The cid is the only thing that could theoretically be correlated to a request, and it lives in memory for at most 60 seconds before the aggregation task collapses it into bucket counts. We use it during incident investigation - a 502 from a Worker carries the cid in a response header, and we can grep the in-memory buffer for it before it ages out. After that, the only trace is anonymous histograms.

This pattern would have been more invasive in FastAPI, where you typically use middleware classes that have to negotiate ordering with the auth and CORS middlewares. Litestar's lifecycle hooks happen at well-defined points in the ASGI flow and do not fight with anything else.

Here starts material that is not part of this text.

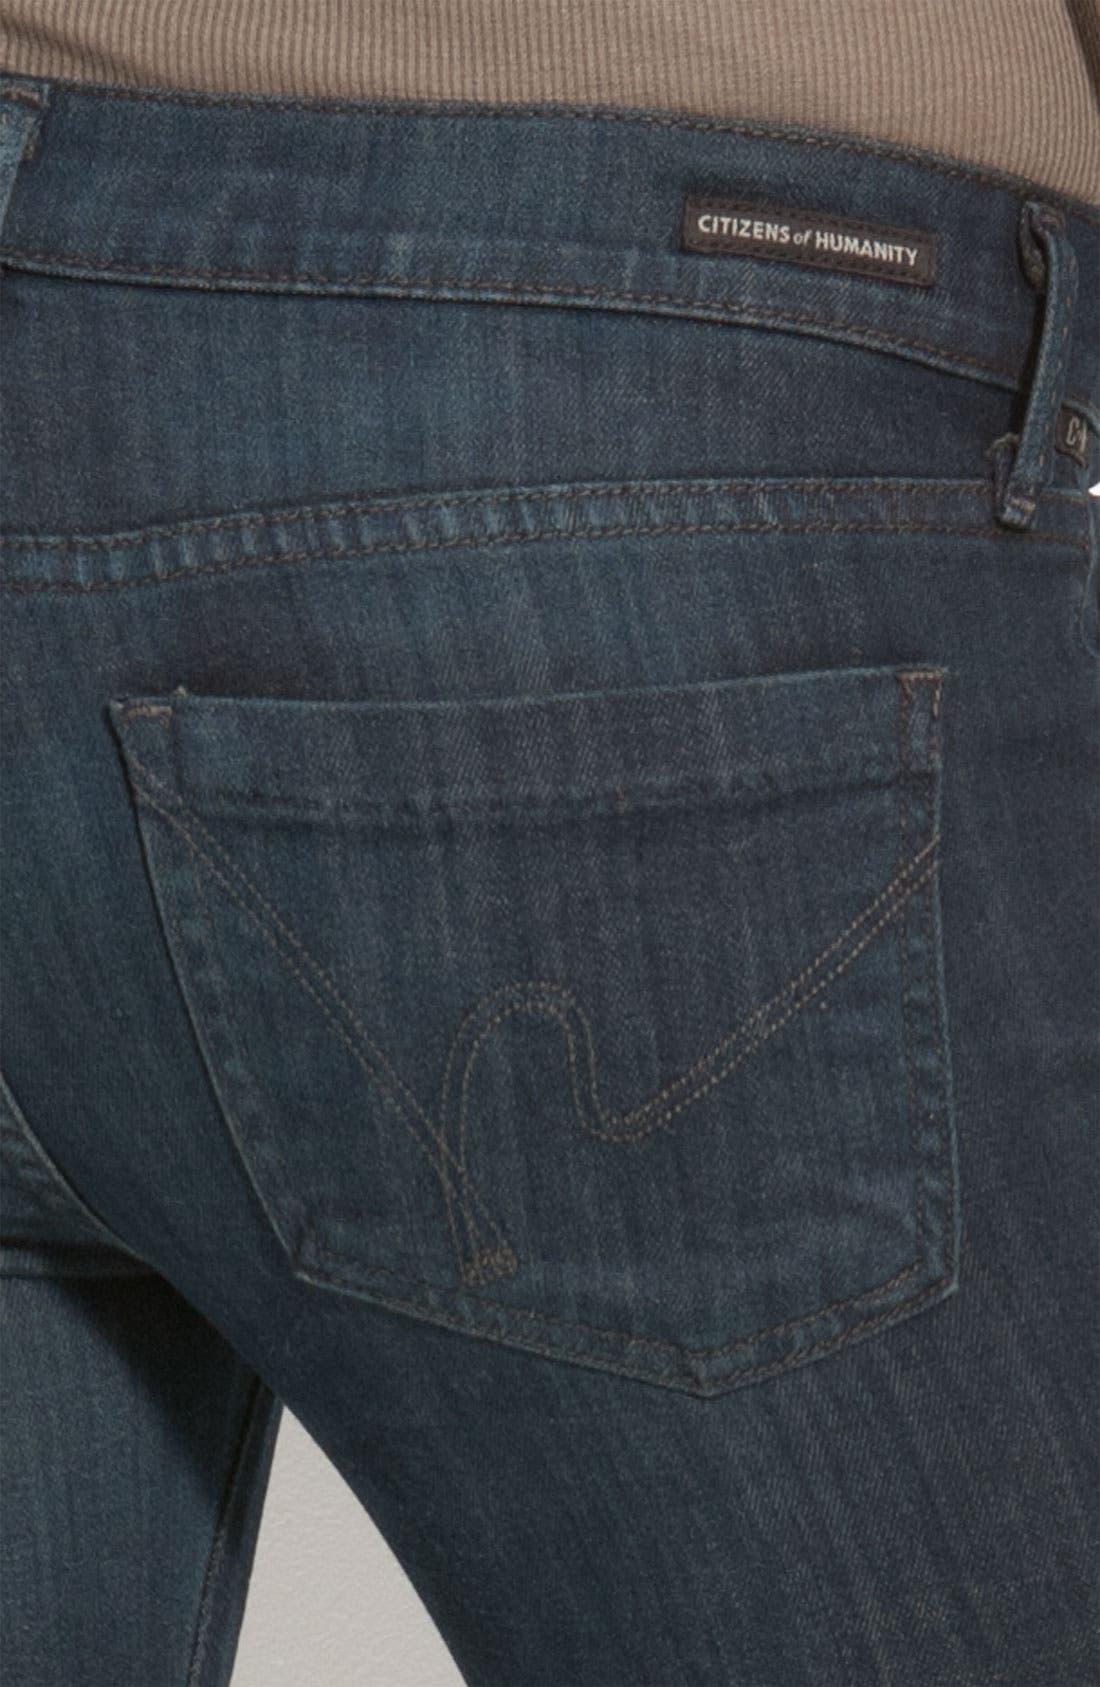 Alternate Image 3  - Citizens of Humanity 'Dita' Bootcut Jeans (Jupiter Wash) (Petite)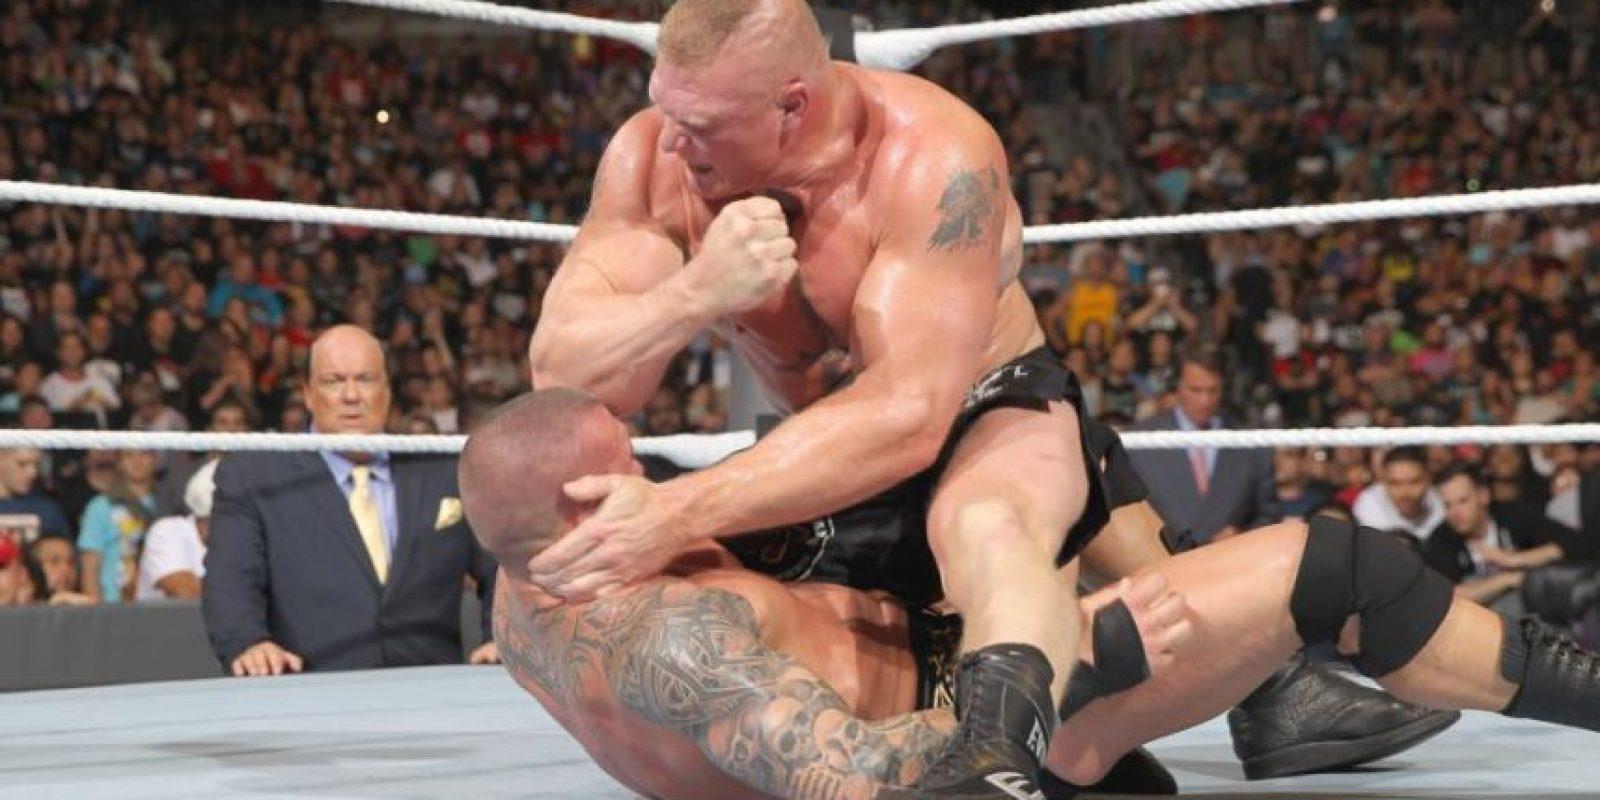 Brock Lesnar le propinó una brutal golpiza a Randy Orton en SummerSlam Foto:WWE. Imagen Por:

Deployment, observability, and what I would do differently

The metadata service runs as a single systemd unit with three uvicorn workers behind a Unix socket. uvicorn binds the socket, systemd restricts its file mode to 0660, and the LiteSpeed PHP process runs as a group member that can read and write it. There is no TCP socket exposed anywhere, which removes a category of security concerns and makes the firewall config trivially small. Restarts use systemd's ExecReload with a SIGHUP to uvicorn's master, which drains in-flight requests before swapping workers - the PHP client sees at most a single 2-second timeout during a deploy, and the Cloudflare Worker's stale-while-revalidate covers that gap from the viewer's perspective.

For observability beyond the GDPR-clean histograms, I rely on three things:

Structured JSON logs to stdout, which systemd-journald captures and rotates.
A /healthz endpoint that checks SQLite pool depth and last successful YouTube call timestamp.
A manual metadata-cli command (a tiny click-based binary in the same venv) that I run from SSH when something feels wrong.

The CLI dumps the in-memory buffer, the quota tracker state, and the connection pool stats. Nine times out of ten that is enough to diagnose any operational anomaly without needing to attach a debugger or ship logs anywhere else.

If I were starting over today I would do three things differently. I would put the YouTube quota tracker in Redis from day one instead of in-process, because the day we needed two metadata-service instances for failover we had to retrofit a distributed quota implementation in a hurry. I would use a proper migration tool from the start instead of hand-rolled ALTER TABLE calls - I picked yoyo-migrations eventually and it works fine, but the first month of schema drift between dev and prod was unpleasant. And I would write the msgpack client in PHP as a phpext, because the userland implementation we use loses about 0.4 ms per call to PHP loop overhead, and at our request volumes that adds up to noticeable CPU on the LiteSpeed workers.

The Litestar choice itself has aged extremely well. We have not had a single framework-level incident in eleven months of production. The maintainer community is responsive, the docs are honest about what is and is not supported, and the upgrade path from 2.x has been smooth. For anyone building a service-boundary process in Python that has to coordinate async I/O across two or three different upstream APIs, I would unhesitatingly recommend it over the alternatives I evaluated. The PHP + SQLite + LiteSpeed + Cloudflare front end remains beautifully boring, and the boring part of the stack is exactly where I want my edge.